Just as the replica tower burst through the home’s roof, the 26,000-square foot home also burst with her collections of extraordinary furniture, decorative art, luxury accessories, couture and fine jewelry and vertu – much of which will be offered Aug. 10 in Heritage Auctions’ Estate of Phyllis McGuire Signature Auction. Absentee and Internet live bidding will be available through LiveAuctioneers. A portion of the proceeds from the event will go to McGuire’s charitable foundation.
“Heritage has never offered such a diverse group of property in one auction,” Heritage Auctions West Coast Director Carolyn Mani said. “Phyllis McGuire had a museum-quality collection of vintage haute couture, designer clothing and jewelry and incredible furniture and rugs. She was a major entertainment star when she sang with her sisters, but the value in this collection is not only because of her celebrity status. The items in this sale are amazing, and of such high quality and desirability, that they would stand on their own.”
Among the 27 lots offered in situ in the 383-lot event is McGuire’s Bosendorfer Model 225 mahogany and pearwood inlay 92-key grand piano with conforming bench, circa 2000, carrying an estimate of $60,000-$80,000, a gorgeous instrument that sounds as beautiful as it looks.

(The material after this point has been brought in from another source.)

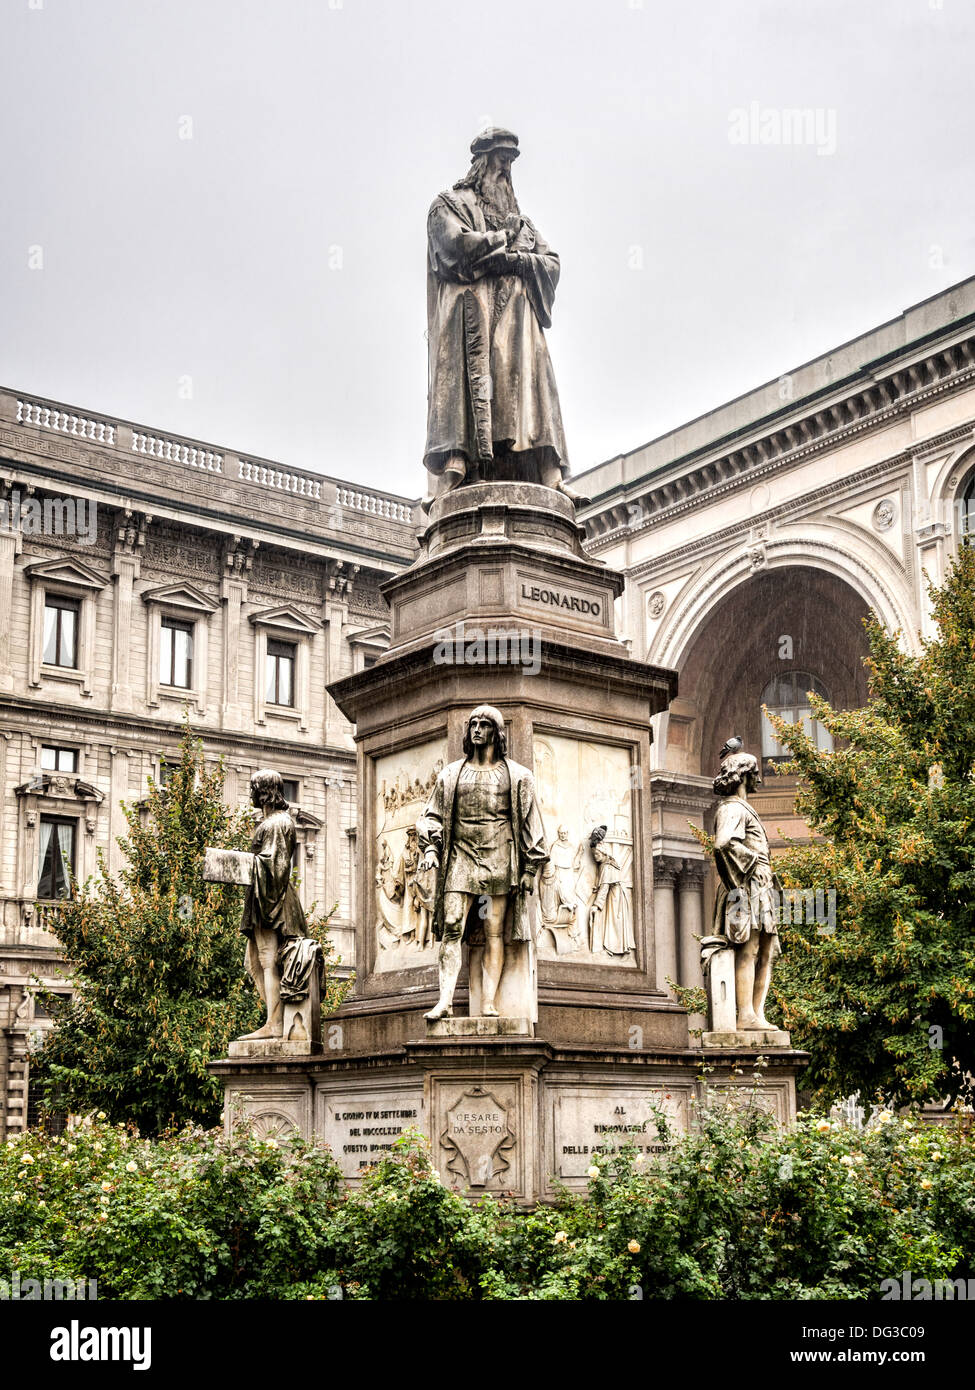 Leonardo's monument sur la Piazza della Scala, Milan, Italie Banque D'Images

The large Bosendorfer logo on the piano suggests it was designed as a performance instrument.
Included among the lots offered in situ from her treasured collection are:
A palace-sized Tabriz rug estimated at $40,000-$60,000.
A French Aubusson palatial tapestry, circa 1820, estimated at $30,000-$50,000.

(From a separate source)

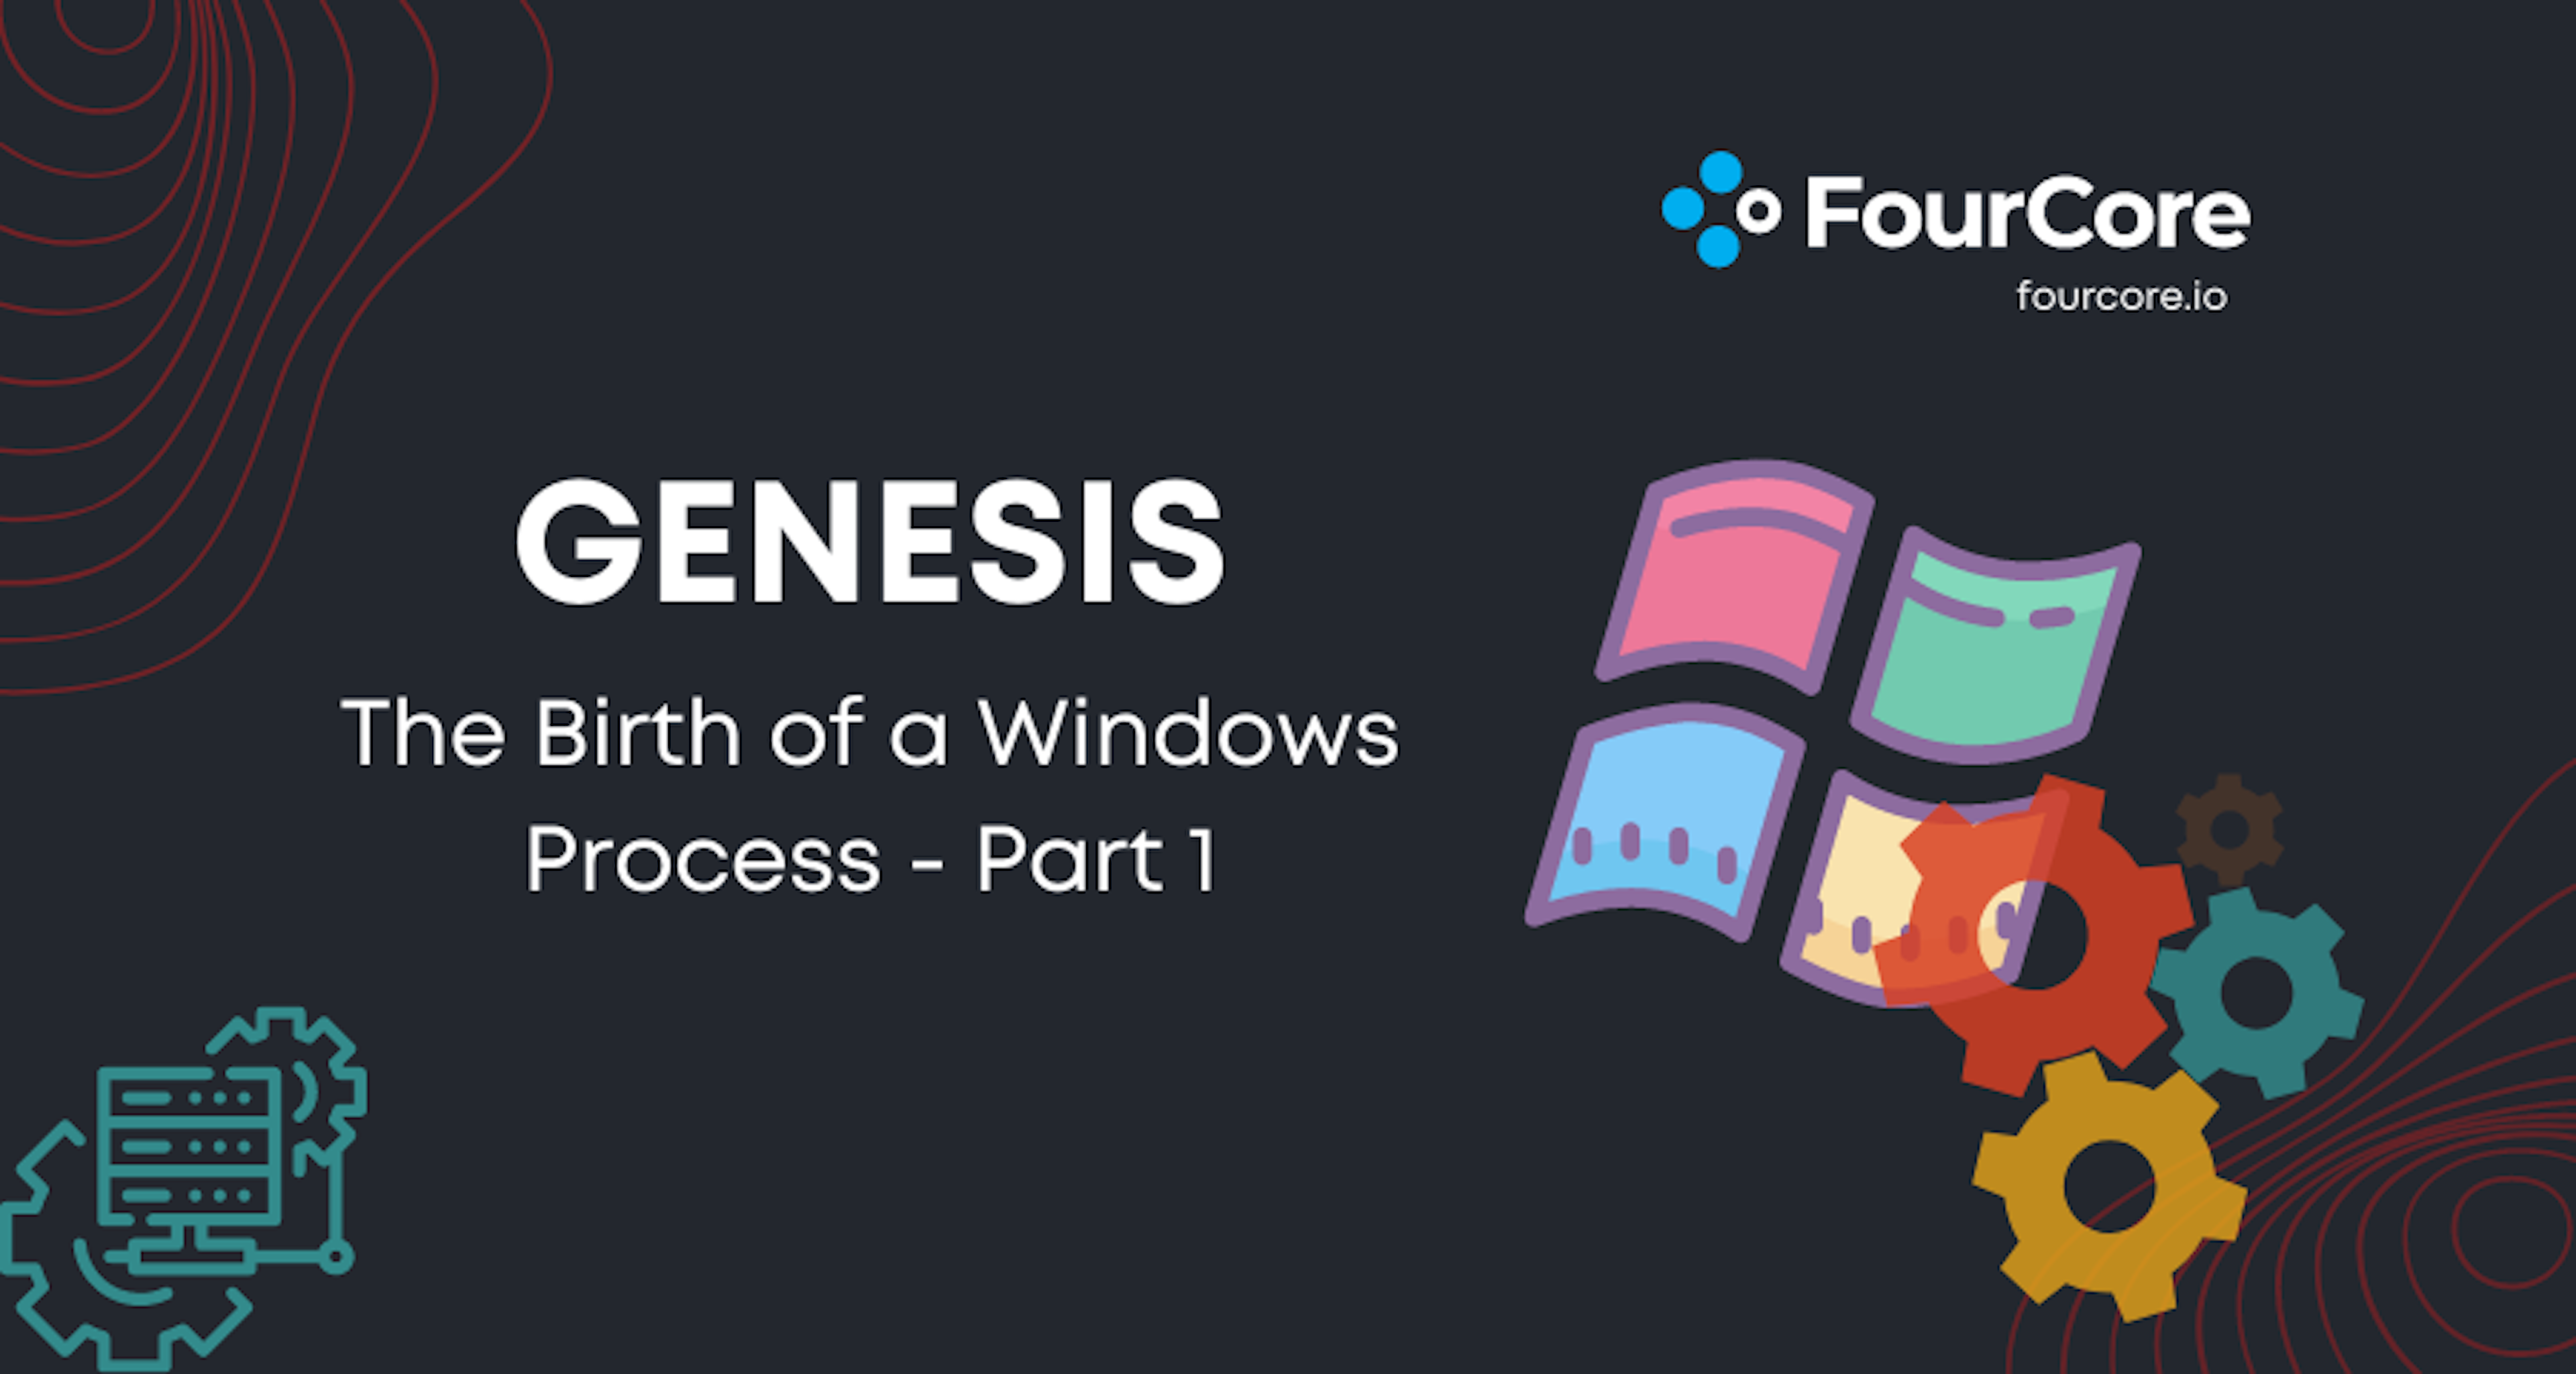 Genesis - The Birth of a Windows Process (Part 1) Blog Post Image

A Charles Frodsham Louis XV-style gilt bronze mounted tall case clock, 19th century, estimated at $5,000-$7,000.
An Art Deco Brunswick The Arcade Model pool table with monarch cushions, circa 1923, estimated at $4,000-$6,000.
A French Erard floor harp, 19th century, estimated at $3,000-$5,000.
A Bohemian green cut to clear glass chandelier, estimated at $8,000-$12,000.
McGuire was known for her dazzling image, which gained an extra sparkle through her vast array of necklaces, earrings, bracelets and rings. Some of McGuire’s jewelry will be offered in Heritage Auctions’ Sept. 27 Jewelry Auction, but her collection also filled this sale with sparkling highlights – an assortment that includes a diamond, ruby, and platinum-topped gold bracelet, estimated at $12,000-$18,000, and a diamond and platinum brooch, estimated at $10,000-$15,000.
McGuire cut a stunning figure in any room she entered. The auction includes an assemblage of 146 haute couture lots, with garments made specifically for McGuire by designers ranging from Coco Chanel to Bill Blass and Halson. The trove features 27 lots in the auction by Chanel, including, but not limited to, a boucle wool mink-lined coat, with a Coco Chanel two-piece wool dress, two Chanel necklaces, and a mink hat, estimated at $2,000-$3,000.
Other exciting lots include entertainment memorabilia from some of her close friends, including a Rat Pack-era blackjack table with seven stools and gaming pieces, estimated at $2,000-$3,000.
“Phyllis McGuire had a huge presence in entertainment, and in Las Vegas society because of her stature as a star entertainer and also because she did so much for charity,” Mani said. “She was a larger-than-life personality, with a home and collections to match. Her impeccable eye and taste are why this is such an extraordinary auction which will be held on Aug. 10 at Heritage. It is a rare opportunity which combines fine furniture, fashion, and jewelry all in one event.”